En réponse à ces défis, certaines initiatives continuent de faire pression pour la réforme. Le Forum de la société civile de l'UE-Russia et son programme de «discours juridique» cherchent à améliorer le potentiel de la participation des ONG à la discussion des questions juridiques entre l'Union européenne et la Russie. Cette plateforme met l'accent sur l'importance de promouvoir et de protéger les valeurs comme les droits de l'homme, l'état de droit, la séparation des pouvoirs, la responsabilité du gouvernement, la conformité administrative et l'indépendance judiciaire.
Résistance et société civile
Malgré une répression croissante, la société civile russe continue de résister.

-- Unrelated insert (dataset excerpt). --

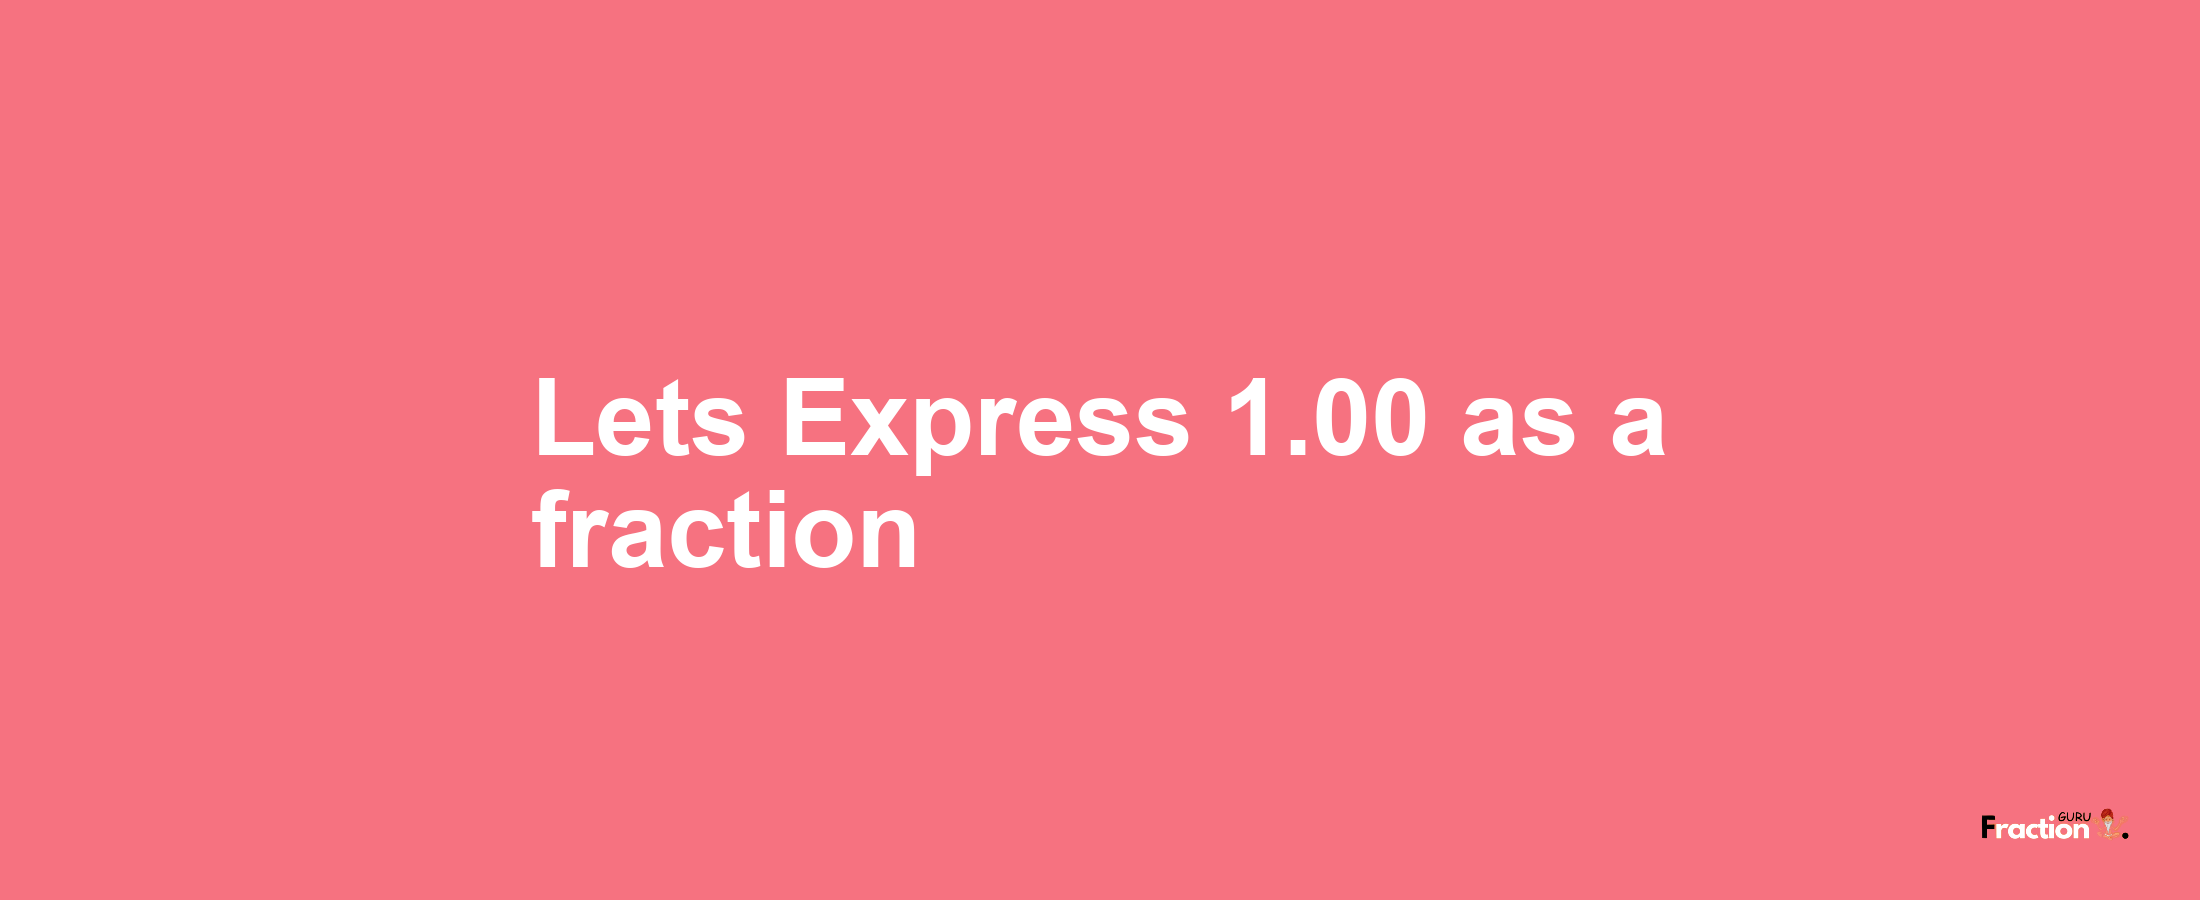 Lets Express 1.00 as afraction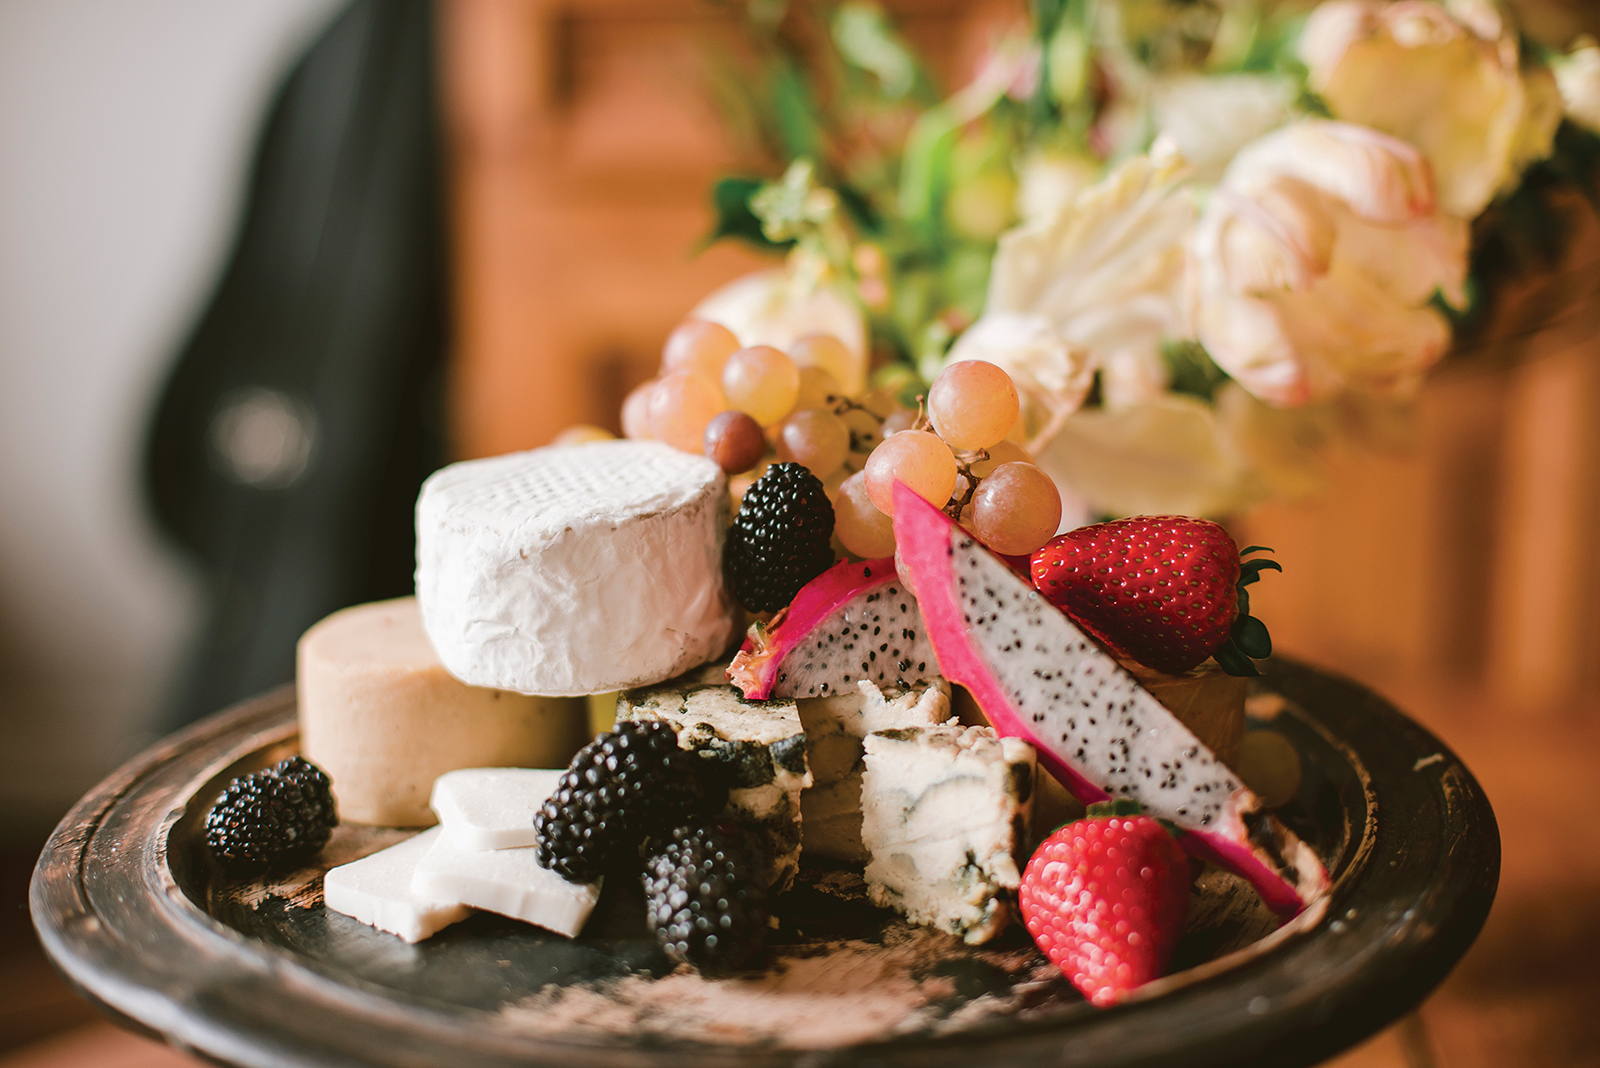 The Frauxmagerie in Meaford produces a variety of non-dairy cheeses, including Botanic Camembert, Mauxarella and Botanic True Blue.

Les journalistes, les militants et les citoyens ordinaires risquent leur liberté de contester les abus des États. Bien qu'affaibli depuis les années 1990, des moments comme les protestations électorales 2011-2012 et les actes de défi silencieux en réponse à l'invasion de l'Ukraine reflètent un esprit résilient. La résistance individuelle l'emporte désormais sur les mouvements de masse, les citoyens utilisant des moyens subtils et créatifs pour s'opposer au régime.
Des organisations telles que l'appel mondial à l'action contre la pauvreté et Caritas de la mère de Dieu Archidiocèse ont travaillé pour lutter contre la pauvreté au sein de la Fédération. En créant des informations sur les droits des patients plus accessibles aux citoyens, le programme de la Russie de GCAP vise à améliorer les soins de santé dans les communautés pauvres. Caritas de la mère de Dieu Archidiocèse, anciennement connu sous le nom Caritas Russie, est une agence nationale opérant sous l'Église catholique qui se concentre sur la fourniture des pauvres et des victimes de catastrophes, d'accidents et de conflits armés avec un soutien médical et social. RÉnercalement, l'organisation a soutenu des familles qui ont fui l'Ukraine en Russie, leur fournissant de la nourriture, des matériaux d'hygiène, des médicaments et de la literie.
En avant
Le contrôle autoritaire a gravement endommagé les institutions juridiques de la Russie, laissant à ses citoyens un système qui fait taire l'opposition et permet aux inégalités de devenir incontrôlées. En vertu de Poutine, l'état de droit en Russie s'est flétri, concentrant le pouvoir entre les mains de l'élite tout en marginalisant de grands segments de la population. Grâce à la manipulation constitutionnelle, aux nominations politiques centralisées et aux lois visant la dissidence, l'État a construit un cadre qui privilégie la loyauté sur l'équité.
Pourtant, la résistance perdure. Des programmes tels que le Forum de la société civile de l'UE-Russia et les initiatives de base telles que Caritas et GCAP démontrent que, malgré la répression et les défis de l'état de droit en Russie, la lutte pour la protection du vulnérable et la promotion de la justice se poursuit. Face à l'adversité, une résistance silencieuse reste un outil pour lutter pour un avenir plus inclusif, équitable et légal.